● **Directions**:
Repeat, exactly as written, the lines of the records below from the first through the line with "Palm trees swaying under a clear blue sky", but none past it.

Stored items from a collection:
▬▬▬▬▬▬
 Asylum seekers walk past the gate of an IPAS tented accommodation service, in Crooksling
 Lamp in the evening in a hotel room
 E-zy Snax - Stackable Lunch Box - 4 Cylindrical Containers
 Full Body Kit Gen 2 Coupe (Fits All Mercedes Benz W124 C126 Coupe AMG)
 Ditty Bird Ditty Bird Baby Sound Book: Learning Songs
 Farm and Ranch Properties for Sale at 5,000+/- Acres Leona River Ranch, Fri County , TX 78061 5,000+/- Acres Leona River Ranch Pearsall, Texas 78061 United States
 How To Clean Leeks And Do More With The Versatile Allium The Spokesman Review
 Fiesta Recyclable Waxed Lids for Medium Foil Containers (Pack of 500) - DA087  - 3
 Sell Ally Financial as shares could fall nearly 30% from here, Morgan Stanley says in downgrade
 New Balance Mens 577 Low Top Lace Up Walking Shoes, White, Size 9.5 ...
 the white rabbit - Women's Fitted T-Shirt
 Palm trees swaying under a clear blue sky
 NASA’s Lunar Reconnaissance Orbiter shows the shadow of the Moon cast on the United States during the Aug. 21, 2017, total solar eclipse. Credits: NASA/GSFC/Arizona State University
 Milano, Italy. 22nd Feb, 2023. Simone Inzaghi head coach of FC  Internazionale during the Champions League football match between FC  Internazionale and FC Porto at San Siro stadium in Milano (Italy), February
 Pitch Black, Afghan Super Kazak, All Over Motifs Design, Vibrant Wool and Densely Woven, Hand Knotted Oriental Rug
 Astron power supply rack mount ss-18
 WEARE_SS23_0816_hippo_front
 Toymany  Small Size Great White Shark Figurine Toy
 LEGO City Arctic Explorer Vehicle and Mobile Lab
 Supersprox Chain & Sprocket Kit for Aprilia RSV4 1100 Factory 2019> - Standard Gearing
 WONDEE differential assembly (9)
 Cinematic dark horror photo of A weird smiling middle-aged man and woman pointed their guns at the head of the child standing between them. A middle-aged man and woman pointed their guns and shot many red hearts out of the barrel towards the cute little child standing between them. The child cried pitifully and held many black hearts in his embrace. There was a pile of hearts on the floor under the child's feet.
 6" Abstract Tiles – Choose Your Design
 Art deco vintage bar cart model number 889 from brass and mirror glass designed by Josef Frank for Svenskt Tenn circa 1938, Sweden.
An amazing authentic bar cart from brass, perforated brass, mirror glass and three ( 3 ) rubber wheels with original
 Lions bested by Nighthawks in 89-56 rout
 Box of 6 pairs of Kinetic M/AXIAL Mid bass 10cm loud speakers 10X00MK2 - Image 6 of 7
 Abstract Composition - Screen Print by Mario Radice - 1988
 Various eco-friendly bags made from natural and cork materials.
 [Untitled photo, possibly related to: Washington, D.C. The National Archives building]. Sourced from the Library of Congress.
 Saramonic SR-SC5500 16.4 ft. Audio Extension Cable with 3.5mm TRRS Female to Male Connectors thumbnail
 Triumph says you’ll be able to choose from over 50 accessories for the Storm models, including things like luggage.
▬▬▬▬▬▬
● **Result of this task**:
 Asylum seekers walk past the gate of an IPAS tented accommodation service, in Crooksling
 Lamp in the evening in a hotel room
 E-zy Snax - Stackable Lunch Box - 4 Cylindrical Containers
 Full Body Kit Gen 2 Coupe (Fits All Mercedes Benz W124 C126 Coupe AMG)
 Ditty Bird Ditty Bird Baby Sound Book: Learning Songs
 Farm and Ranch Properties for Sale at 5,000+/- Acres Leona River Ranch, Fri County , TX 78061 5,000+/- Acres Leona River Ranch Pearsall, Texas 78061 United States
 How To Clean Leeks And Do More With The Versatile Allium The Spokesman Review
 Fiesta Recyclable Waxed Lids for Medium Foil Containers (Pack of 500) - DA087  - 3
 Sell Ally Financial as shares could fall nearly 30% from here, Morgan Stanley says in downgrade
 New Balance Mens 577 Low Top Lace Up Walking Shoes, White, Size 9.5 ...
 the white rabbit - Women's Fitted T-Shirt
 Palm trees swaying under a clear blue sky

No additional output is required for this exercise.